Tuesday, February 25, 2020

This Week In Comics: 2/26

Another week, another round of new comics. You guys know the drill by now. Although this week is pretty cool because Finger Guns is finally out! Well it will be Wednesday. As per usual: reviews after the jump.

Disclaimer: I received advance copies of all comics featured this week courtesy of their individual publishers.
Opinions are my own.

Finger Guns #1 (Vault Comics)
Justin Richards, Val Halvorson, Rebecca Nalty, Taylor Esposito, Tim Daniel

Two troubled teenagers discover they can manipulate emotions by firing finger guns. There will be laughs. There will be tears. There will be uncomfortable teen feelings and angst. Oh yeah.. And chaos. So much chaos. 

Oh, Finger Guns. What is there to say that I didn't already say in this thousand-word article? An article, I'll remind you, that I wrote three months before the release of the first issue and based entirely on the premise and initial preview pages?

The first issue introduces us to our two main characters and the core concept. Wes lives with his dad who never seems to be home. Wes, among other things, just seems to need a friend. He seems partly sad, but also a bit bored. So when he discovers his powers, his first thought is to have fun.

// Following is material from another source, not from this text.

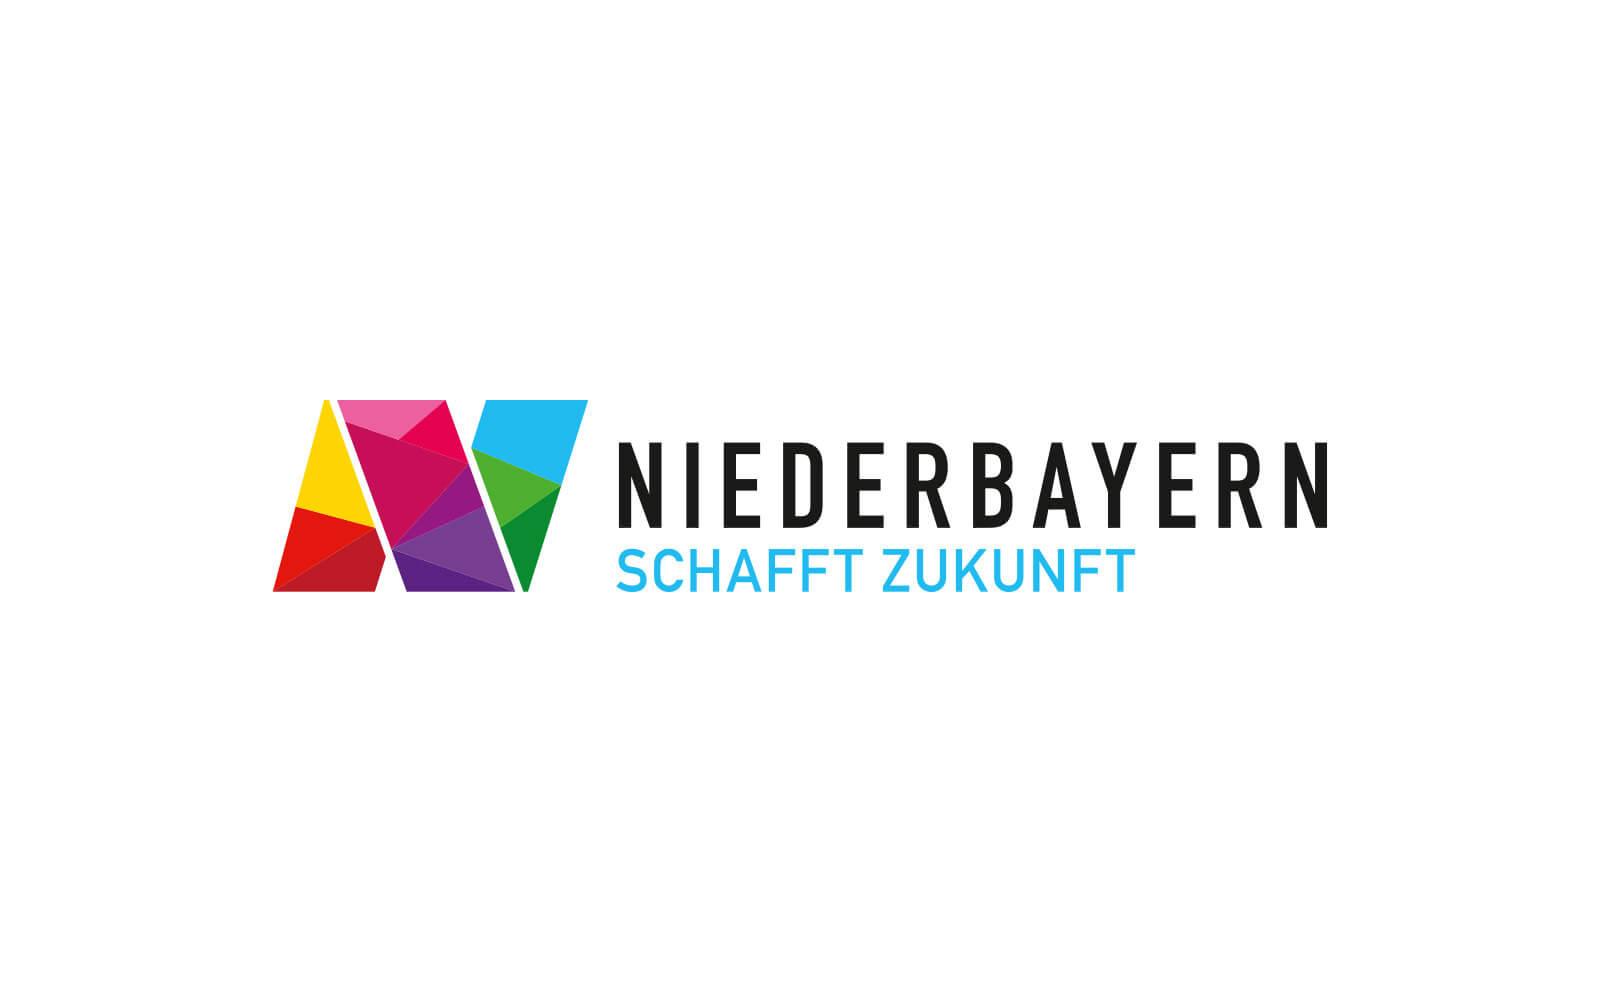 Niederbayern Logo – Dachmarke »Schafft Zukunft« quer

Then he meets Sadie, another kid who has the same power as he does. The two experiment with their powers together and then form a quick friendship. I like their relationship - every story is only as good as its characters - but I have a feeling something else is going on here.

While I am sure a bit part of this story will be about how these two connect and relate over time, I am also conciously aware of what makes them different. Throughout this first issue and variant covers, Wes is dressed up in warm reds and oranges and  primarily uses the two-finger "anger" ability which also manifests as a red light, however he comes from a calm and quiet life.

Sadie, on the other hand, is dressed in a cool purple and primarily uses the one-finger "relax" ability, which is a blue light. In further contrast to Wes, her home-life is chaotic as her parents seem to be constantly fighting. I don't want to predict anything specific here, but the use of this visual structure is certainly telegraphing something down the line.

The most striking thing about the "finger gun" ability, as Sadie points out, is that the effect is temporary. You can calm someone down or rile them up, but they go back to normal moments later. It doesn't change anything. Every kid's superpower fantasy is about changing their normal world - a world they have no control over. Here, Wes and Sadie have a superpower. But it doesn't change anything.

The artwork is something else, too. The coloring is done in a way that creates this unique graininess effect that I'm having trouble describing. It also looks like it was drawn on sandpaper or construction. Due to the grainy nature of this effect, Finger Guns feels a bit timeless. What it's saying about youth isn't specific to any generation, it's about the universal experience of being young and wanting to control the world you helplessly inhabit.

Finger Guns is a pure and creative concept. I'm not sure if this is the best example of new blood bringing fresh ideas to the industry, or if Richards and Halvorson are just Brian K. Vaughn in a wig. This new series isn't just different, it's something I've never read before. 

Mighty Morphin Power Rangers #48 (BOOM! Studios)
Ryan Parrott, Daniele di Nicuolo, Walter Baiamonte, Katia Ranalli, Ed Dukeshire

After the shocking reveal of the last issue, the Rangers are beset by enemies on all sides—even their own. Tensions mount between Tommy and Jason in the fallout over the Omega Rangers secret identities.Will the two teams be able to work together in time to defend against the next attack? Don’t miss the return of a fan favorite character!

In usual Power Rangers fashion there is a lot to unpack here and it can be overwhelming exhausting. Let's take this scene by scene.

Kiya has officially turned evil and set a bunch of morphin people free from dumpsters. It seems like no one has opposed her or tried to takeover her operation. Then again, it's not entirely clear what she is doing here. We're mostly setting up the coming stories here.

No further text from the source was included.